1. May I suggest that a better analogy to Israel-Palestine is the BM demolition rather than Modi-Guj 2002?
In both cases a pre-existant reality has successfully (and forcibly) been altered, and said alteration is sought to be incrementally legitimized with time.
2. I believe there was no consent, let alone informed consent, from the populace of Palestine for Israel, esp as it turned out to be today. It was not Britain's or anybody else's to give.
That a small fraction of the population was always Jewish does not materially affect that.
Maybe the local (non-Jewish) population thought there would be some incoming refugees that would live under their domain as part of *their* state- its hard to believe they approved of an approach to become a discriminated minority in their land.
Maybe with real intent and lower religious temperatures on all sides there could have been something like a Louisiana purchase or Alaska.
These are contexts within which I am comfortable with the homeland argument. Just feeling strongly and historically linked to a place does not cut it.
I feel Dilip has directly or implicitly made these or similar points himself and there is irreconcilable gap btwn Girish's and Dilip's PoVs.
However Girish's approach appears to question Israel's right to exist. I'm not too sure too many of our current states (including India) are formed on the absolute okay of all the people in it and around it. Israel's is just the most extreme example around.
We can only aspire to be the best solution possible today that eliminates or at least mitigates harm, we cannot dissolve ourselves if we were founded on wrong premises.
Dilip's suggestions on this thread are the practical and workable solutions that can bring about some form of closure today not 1940s. To move to this solution requires that we cease harping on the events from the 1940s.

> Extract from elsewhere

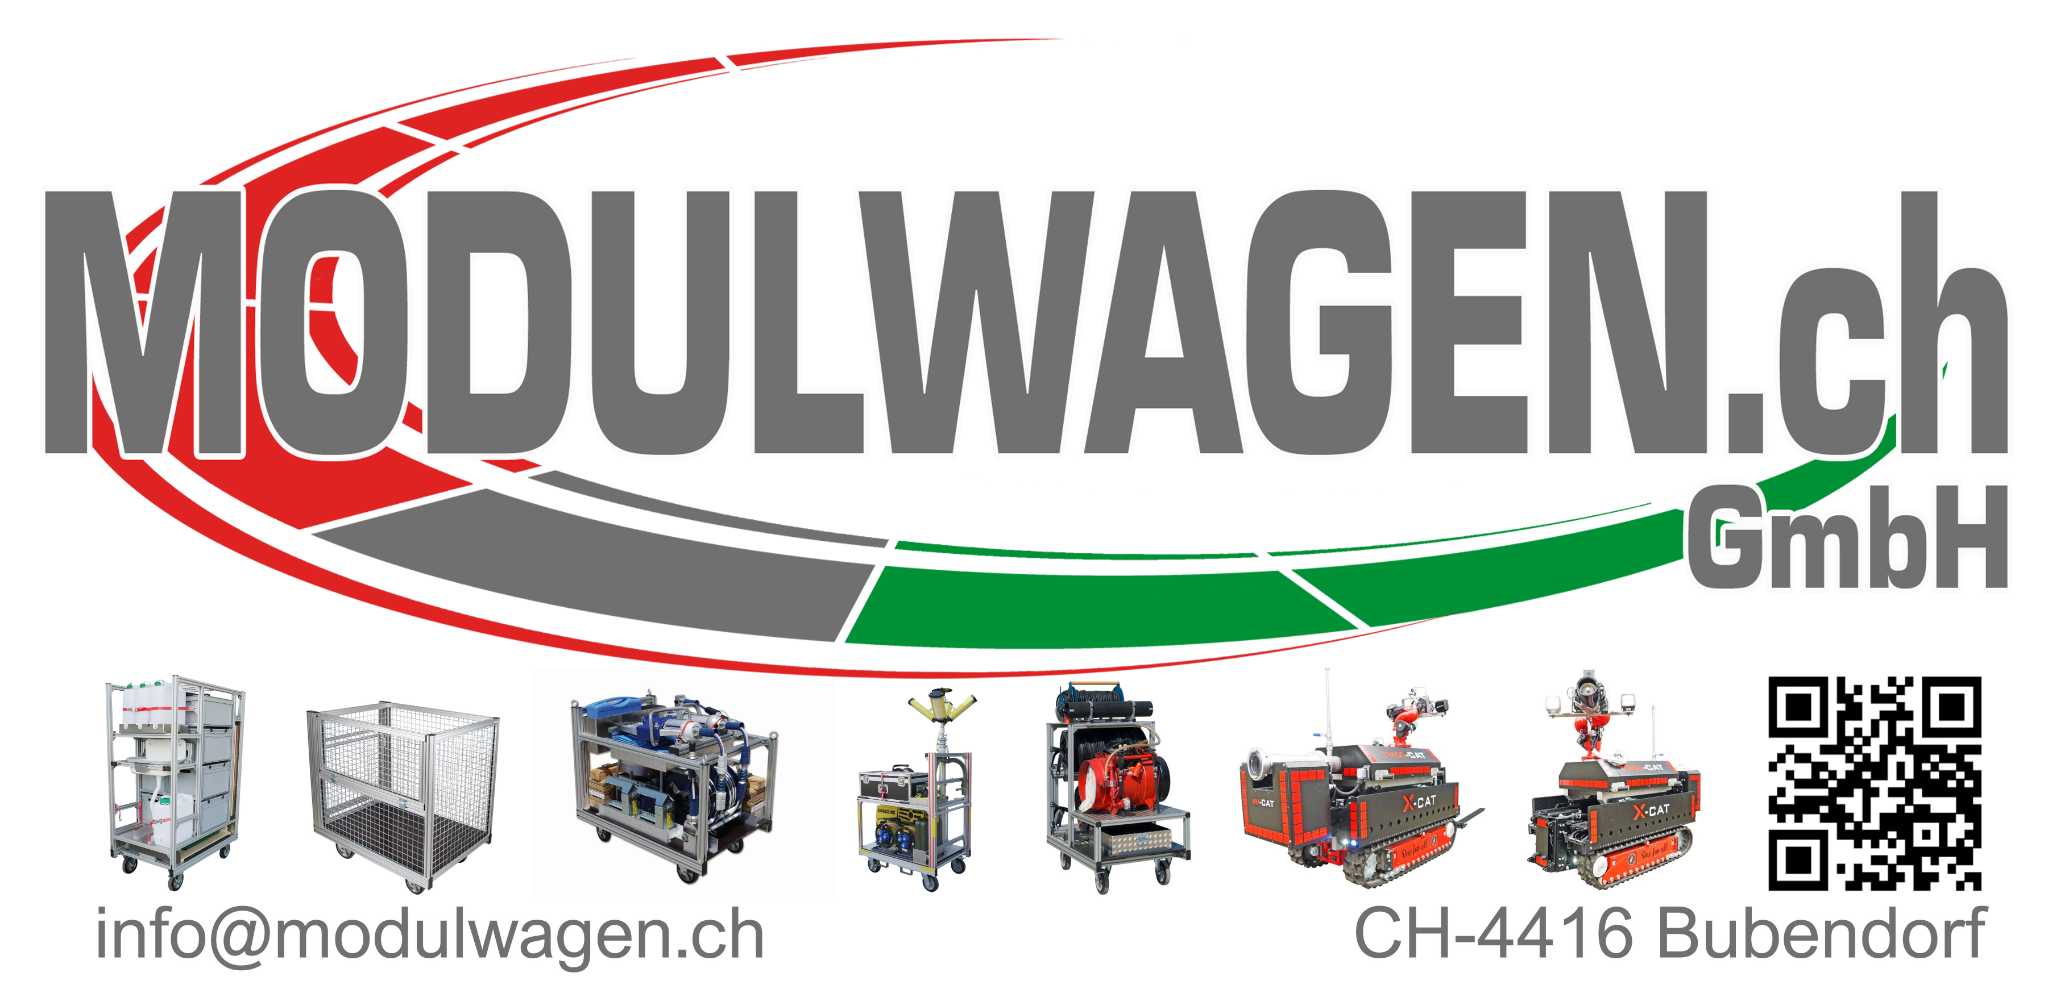 Modulwagen.ch GmbH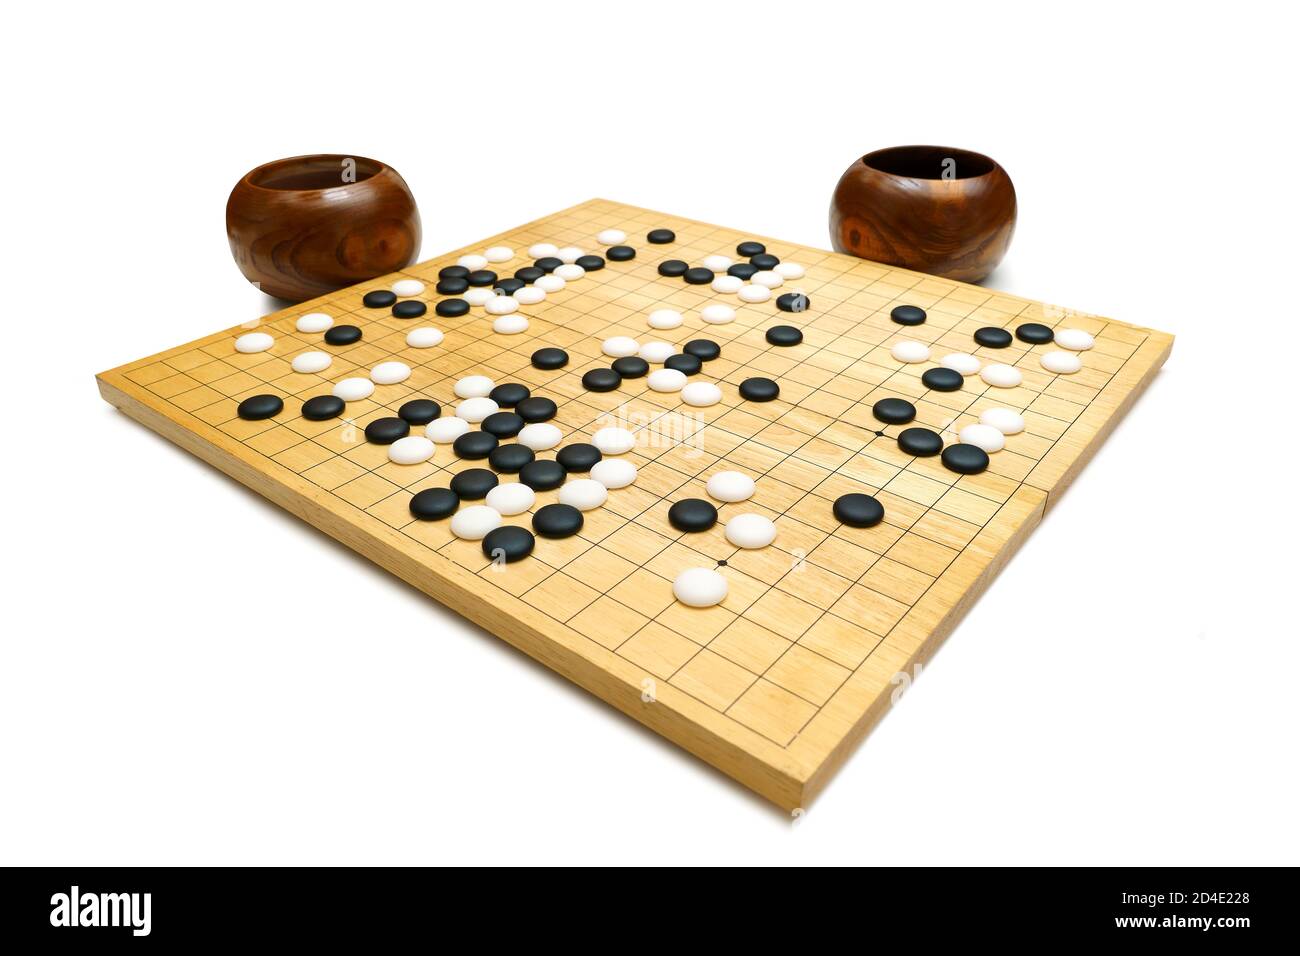 Schwarze und weiße Steine auf einem 'GO' Brett aus Holz auf weißem  Hintergrund - traditionelle chinesische Strategie Brettspiel (genannt Baduk  in Korea, Weiqi in C Stockfotografie - Alamy

This conflicts with (1)... the resolution as close as I have it is the summary above.
thank you,
Jai
A couple of clarifications:
1) I was referring to the 1992 demolition of BM, which I want undone. The default or base solution is the reconstruction of BM, any other solution is with the unforced and willing sanction of the Muslims in that area.
This is being compared to the injustice meted out to Palestinians.
This doesnt come out clearly enough in the wording which could be used to infer that I am concerned with the demolition in 17XX(?) of some other structure that stood there. That one is past.
2.) Correction:
I feel Dilip has directly or implicitly made these or similar points himself and there is ...*NO* ...irreconcilable gap btwn Girish's and Dilip's PoVs.
thanks,
Jai
Jai, I believe it was a crime to demolish the mosque, but rebuilding it is pointless. Similarly, I don't believe Israel had a right to exist in 1949, but I believe it has a right to exist today. That's a distinction I made in my very first question to Dilip when I asked him whether he thought Israel had a right to exist just today or even back in 1949, or, for that matter, in 1920.
Dilip, thanks for your clarifications.